I've paid the personal income tax on the grant money, will send a confirmation from the Inland Revenue on request.
Learning
editWhat are the challenges
editWhat challenges or obstacles have you encountered? What will you do differently going forward? Please list these as short bullet points.
- Not understanding the Grant workflow! I was waiting for reviews when I should have worked on achieving my goal instead. After having lots of detailed conversations about the Grant I felt a little like I'm being abandoned due to some complications. In my 'home community' (Russian Wikipedia) each technical change is heavily discussed in fine detail, so if nobody talks about it, no one is interested in it...
- My time estimate was wrong, since February I've only been spending less time on development then expected, and support of new massive long-term editathons in RuWiki and other language editions took more time than I expected (created 19 editathons that sometimes needed my help in adding articles: in total, I've added over 5,600 articles...)
What is working well
editWhat have you found works best so far? To help spread successful strategies so that they can be of use to others in the movement, rather than writing lots of text here, we'd like you to share your finding in the form of a link to a learning pattern.
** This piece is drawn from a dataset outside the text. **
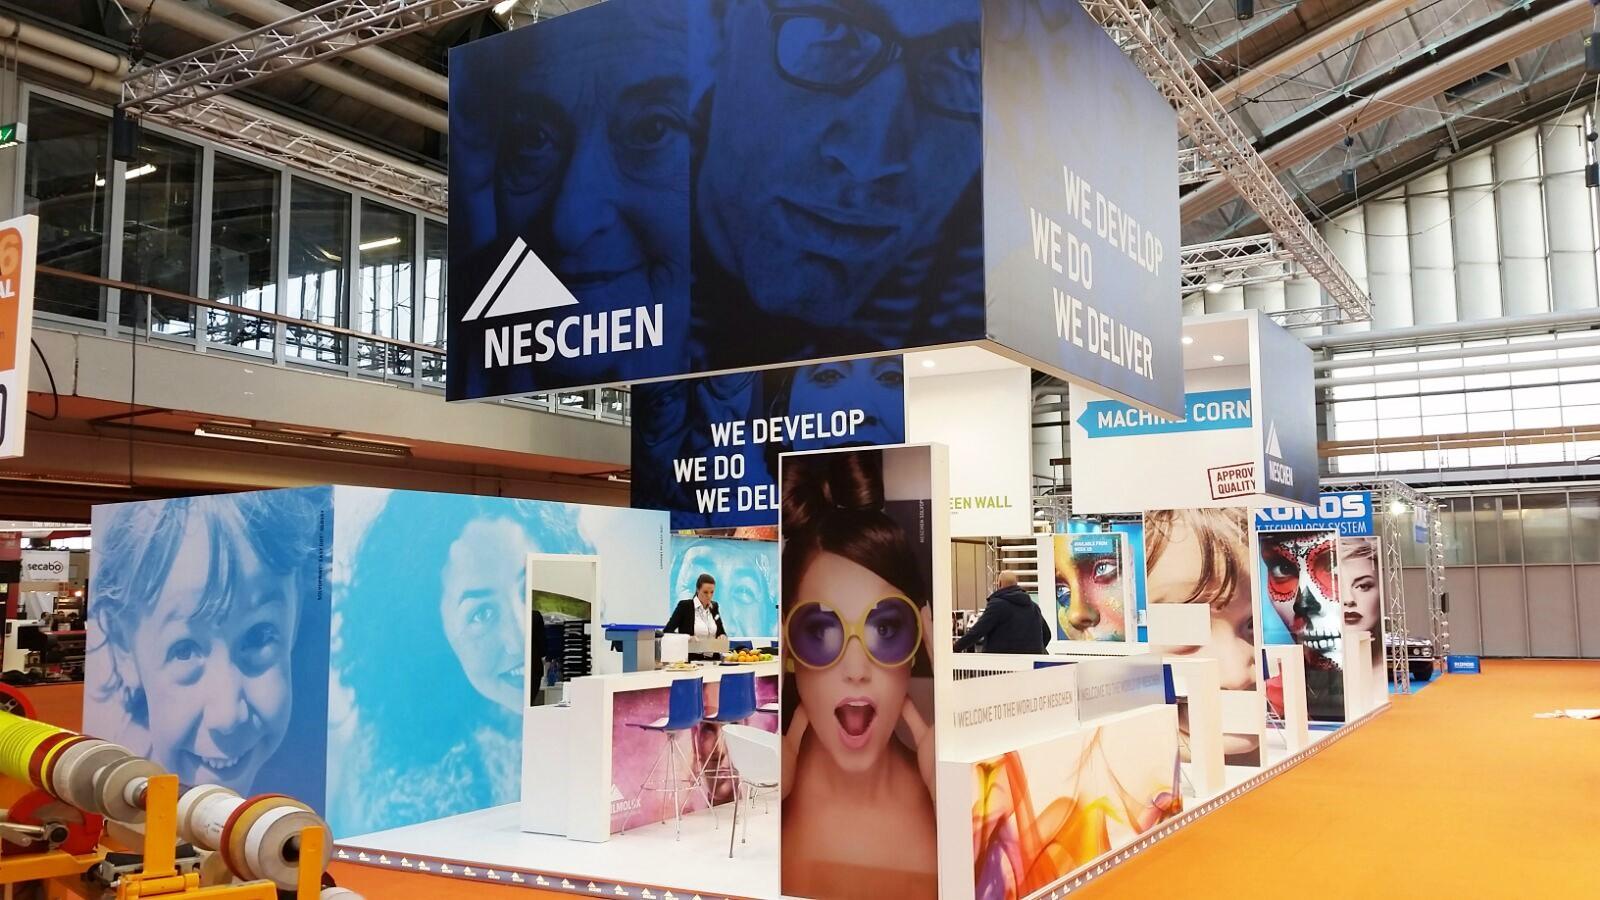 Neschen@ Fespa 2016 in Amsterdam

- Grants:Learning patterns/Edit-a-thon worklists -- a couple of examples
- Question: I'd love to help out with Grants:Learning patterns/How to prepare and plan for Online Edit-a-thons, I have plenty of relevant experience. Whom should I talk to in order to complete an existing pattern that hasn't been finished?
Next steps and opportunities
editWhat are the next steps and opportunities you’ll be focusing on for the second half of your project? Please list these as short bullet points. If you're considering applying for a 6-month renewal of this grant at the end of your project, please also mention this here.
- The edit-a-thon calendar and edit-a-thon list filter features are almost ready, I'm planning to deploy them for testing soon.
- The rest of features are coming in a timely manner :-)
Grantee reflection
editWe’d love to hear any thoughts you have on how the experience of being an grantee has been so far. What is one thing that surprised you, or that you particularly enjoyed from the past 3 months?
- It is a lovely experience! I'm spending my time improving things that help WMF projects to gather as much knowledge as possible, it's a fantastic feeling. I enjoyed seeing the Fountain as an example of a funded project in an email broadcast about the Grants, and I love to see how the committee is open to change, taking every opportunity to improve the flow and user's experiences.